Laura Iliescu, Manager of Patient Advocacy & Engagement, Center for Rare Diseases, is an adventurer and explorer. She dives into challenges the clinical development industry faces head-on, always putting patients and their experiences first. Here are some fun facts about Laura and her journey into the drug development world.
In your opinion, what is the biggest challenge our industry faces today?
Clinical research lags behind other healthcare settings when it comes to shifting towards a patient-centered paradigm. When a clinical program is envisioned, scoped, and implemented, it’s not typically approached as being a service for patients. Developing trials around patients and products instead of just products is a sophisticated, cutting-edge practice that only the most forward-thinking sponsors have mastered. It takes adopting a service design approach throughout the clinical development process and that’s a momentous shift. It places the patient’s lived experience at the center of both study development and implementation to set patients up for success as participants. That takes the combined efforts of sponsors and CROs, and my work in the Center for Rare Diseases focuses directly on this aspect to de-risk rare disease clinical programs.

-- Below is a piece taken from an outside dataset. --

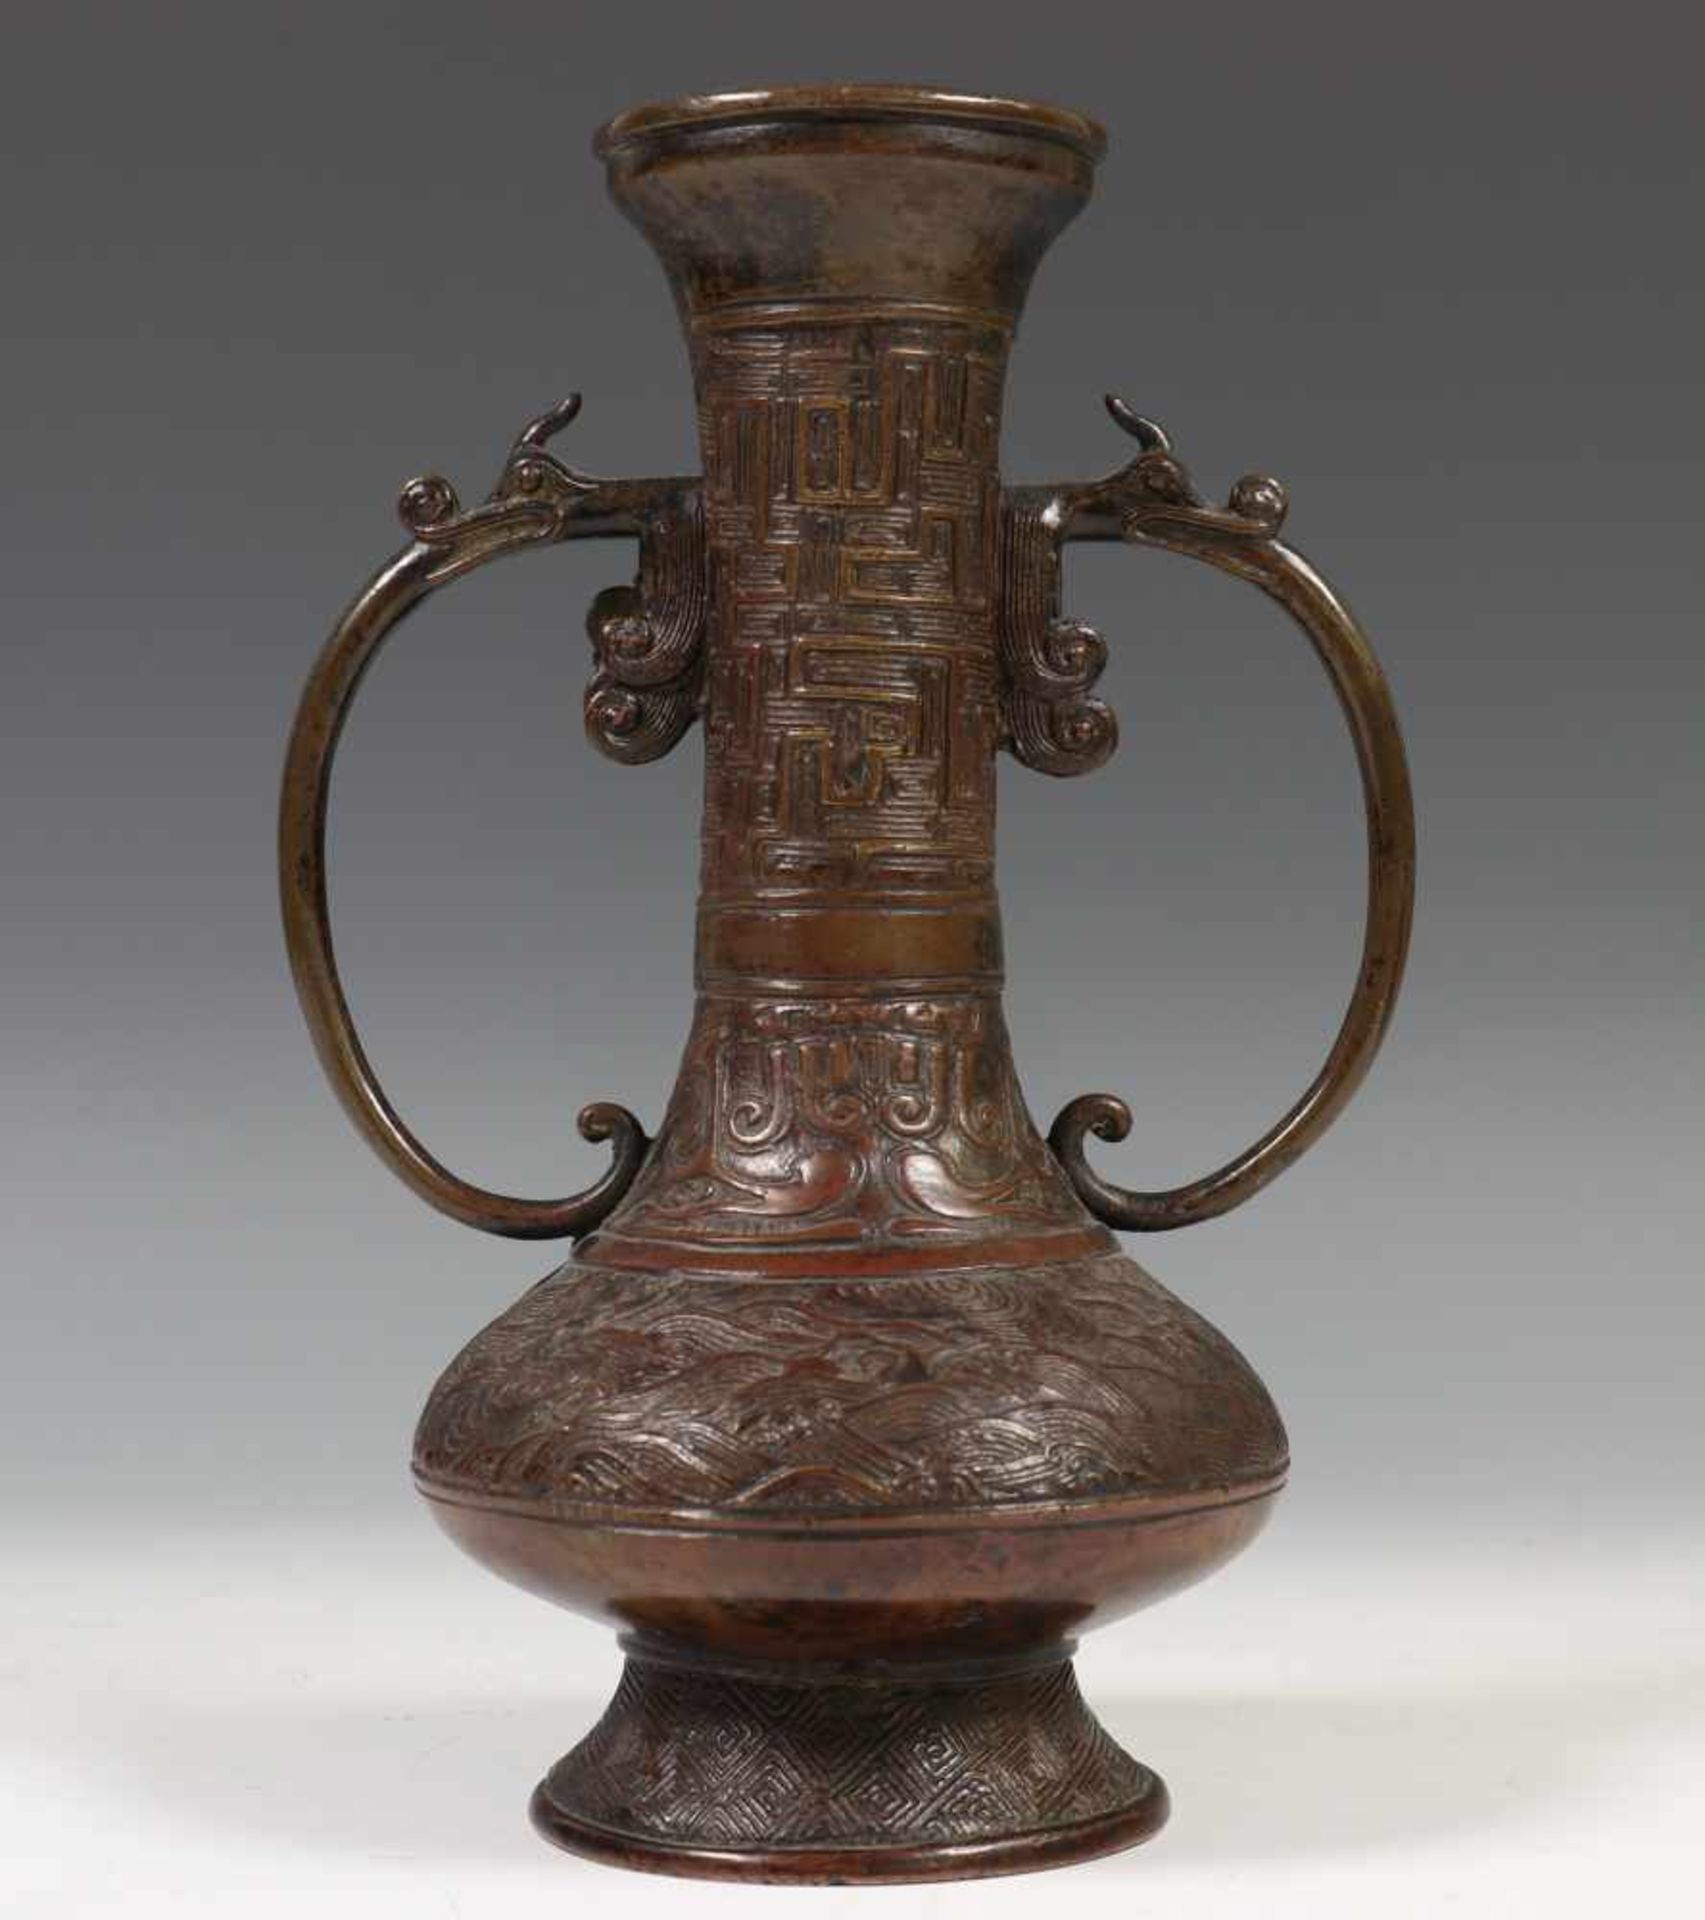 China, bronzen archaistische vaas, 18e eeuw,het lichaam gemodelleerd met golven, de lange hals met - Bild 2 aus 3

Studies need to fit the lives of participants, whether that’s patients or the caregivers who support them. Studies that fail to do this face enormous risks. With thousands of rare diseases without an approved treatment to date—that’s a risk we can’t afford to take.

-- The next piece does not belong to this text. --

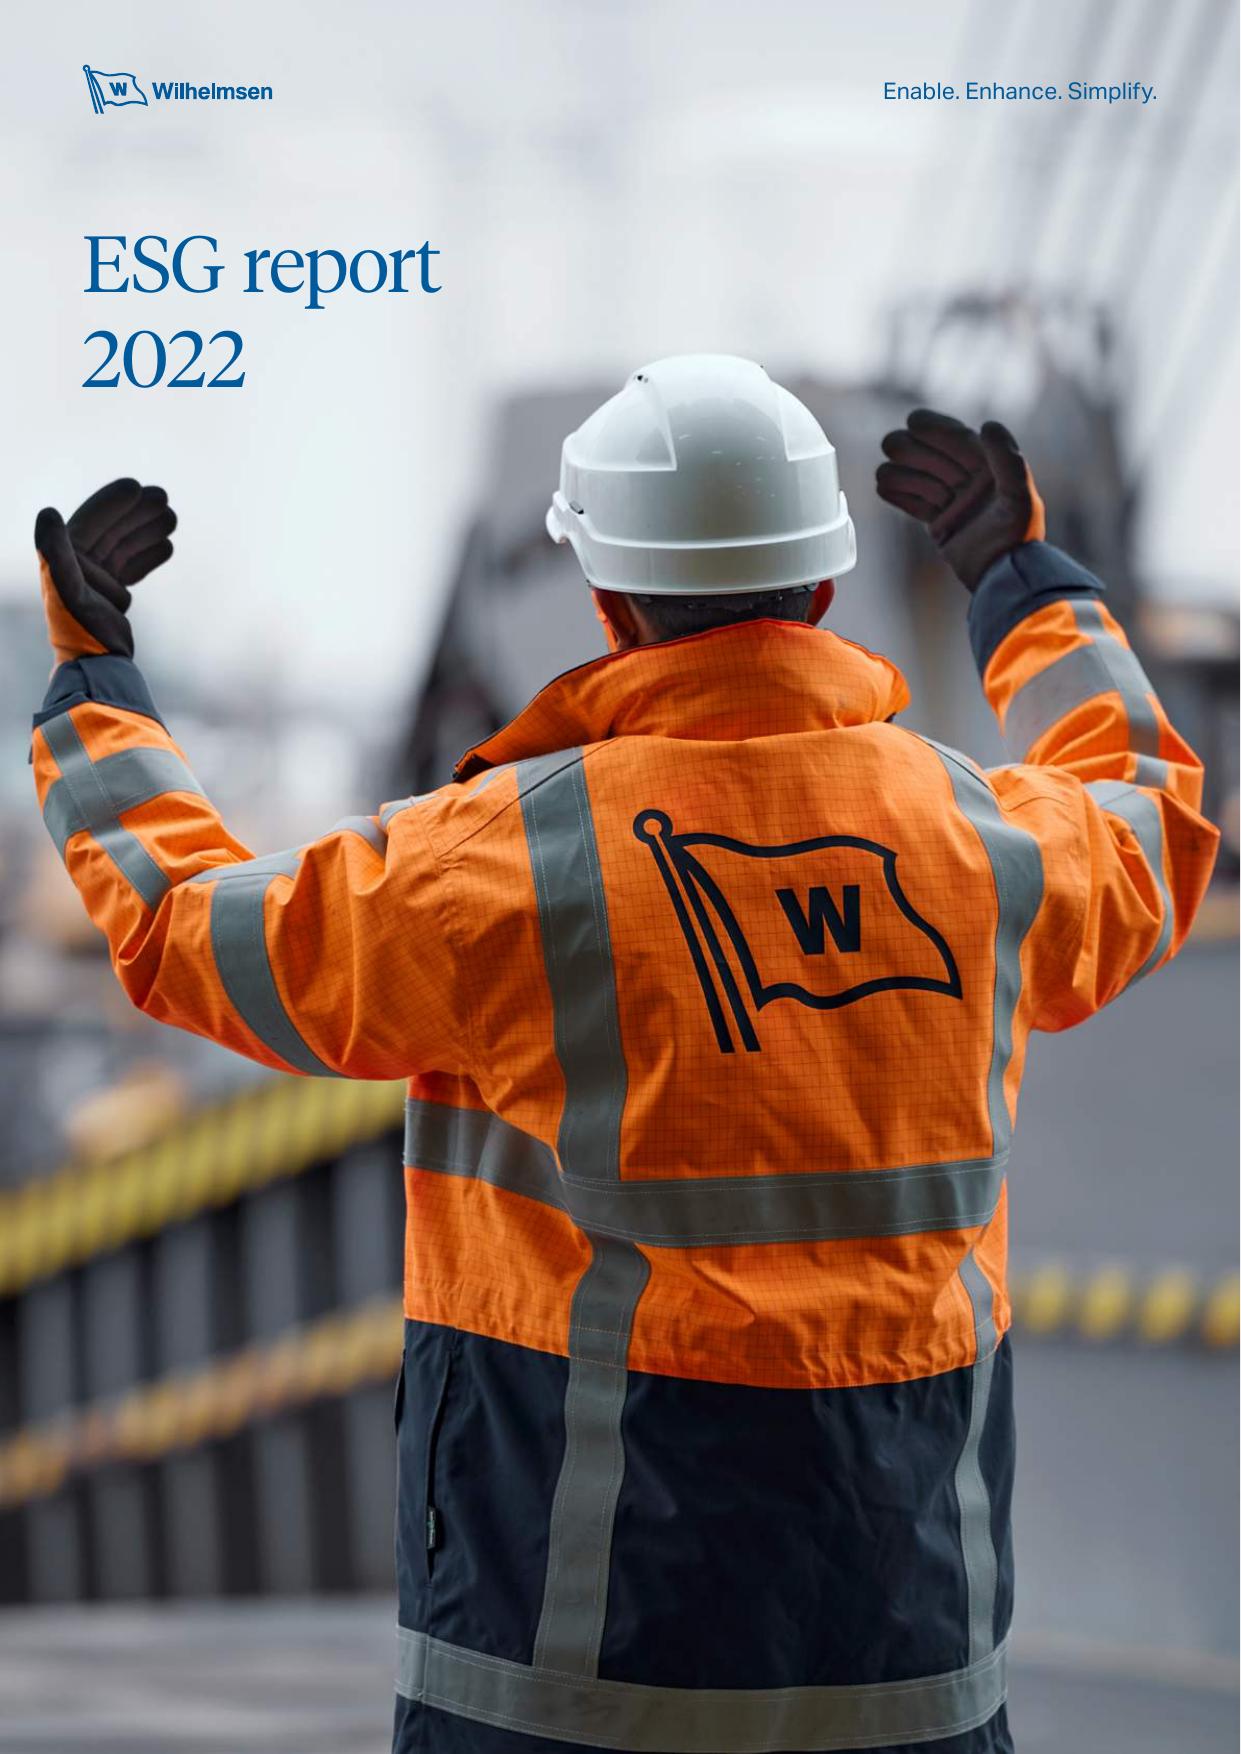 ALPLA 2022 Annual Report

Why did you become involved in clinical research?
I had two very compelling reasons. The first is that working with rare disease patient advocacy communities really showed me what a clinical trial can mean for individuals living with a rare condition. It’s a long-awaited milestone for rare communities and a unique source of both healthcare and hope to patients and families. Participating in a trial can be one of the most important parts of a rare disease patient’s health journey. Working to help ensure that journey is a path to success for both patients and studies is something I’m very passionate about.

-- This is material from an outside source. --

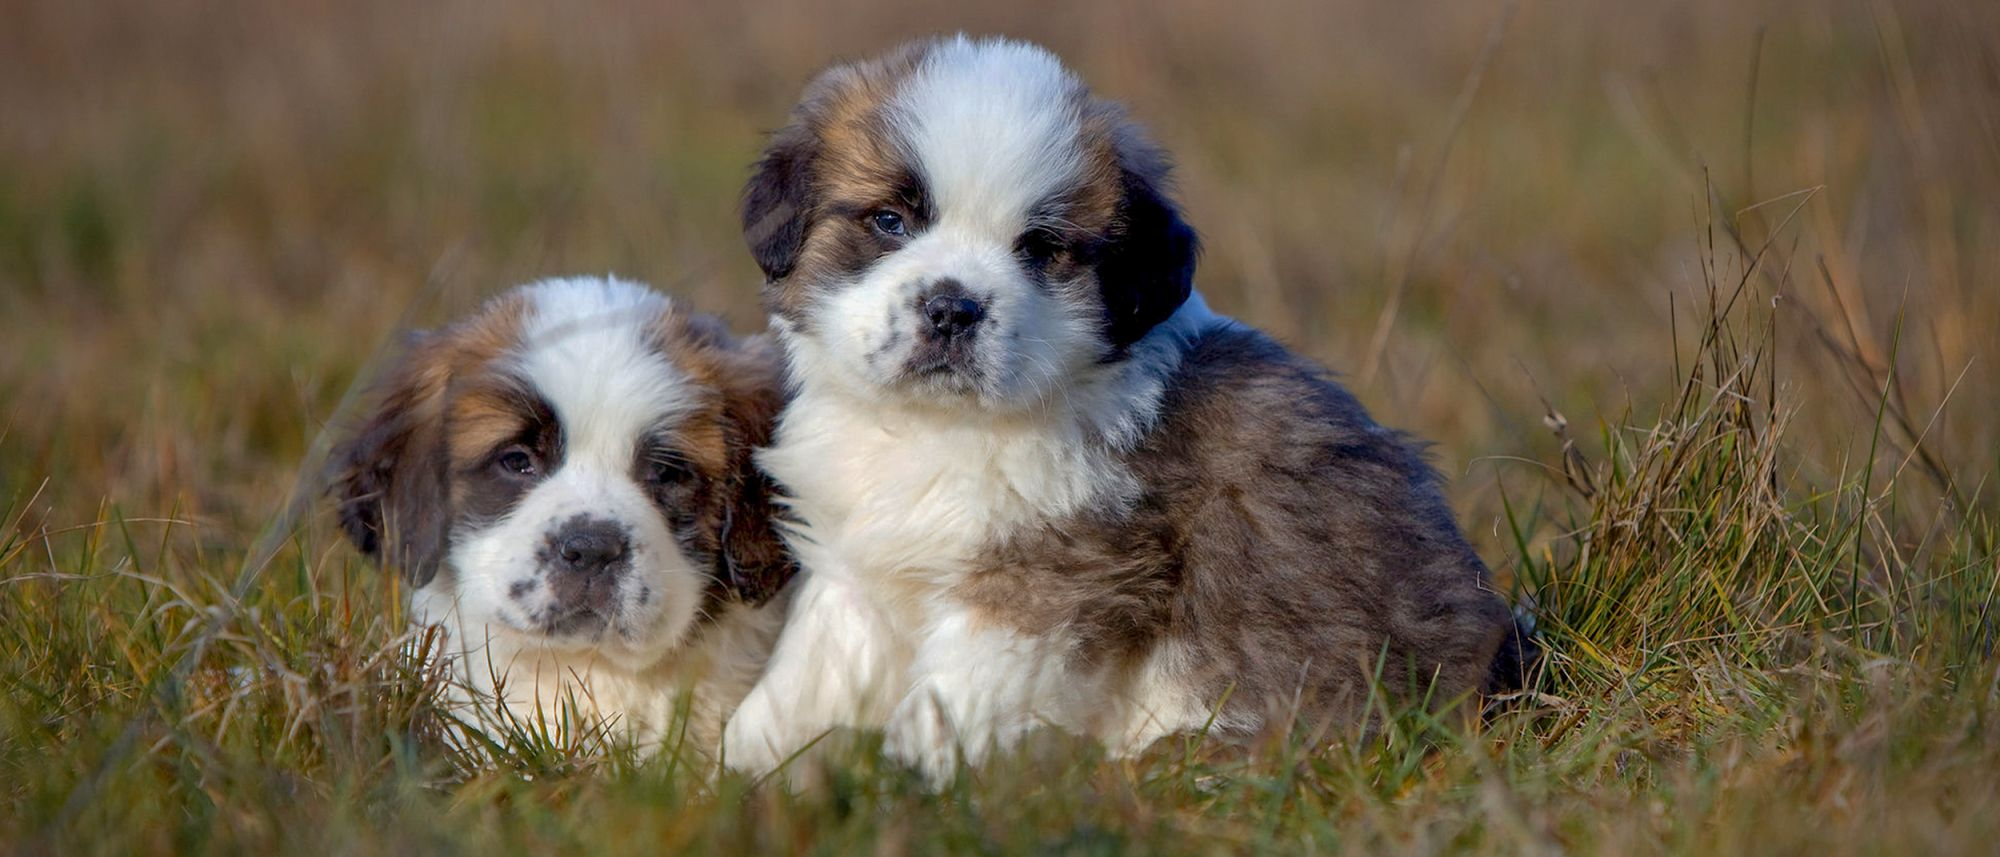 Twee Sint Bernard puppies in het gras

The second was PRA’s Center for Rare Diseases and the excellence of our multidisciplinary team. The Center’s vision that clinical trials must evolve to be recognized as care pathways that are as important as standard of care immediately resonated with me. The Center is a true place of innovation. It has been a pioneer in developing patient-centered approaches to designing and implementing rare disease clinical programs.
In your experience, what has been the most important factor that has changed drug development?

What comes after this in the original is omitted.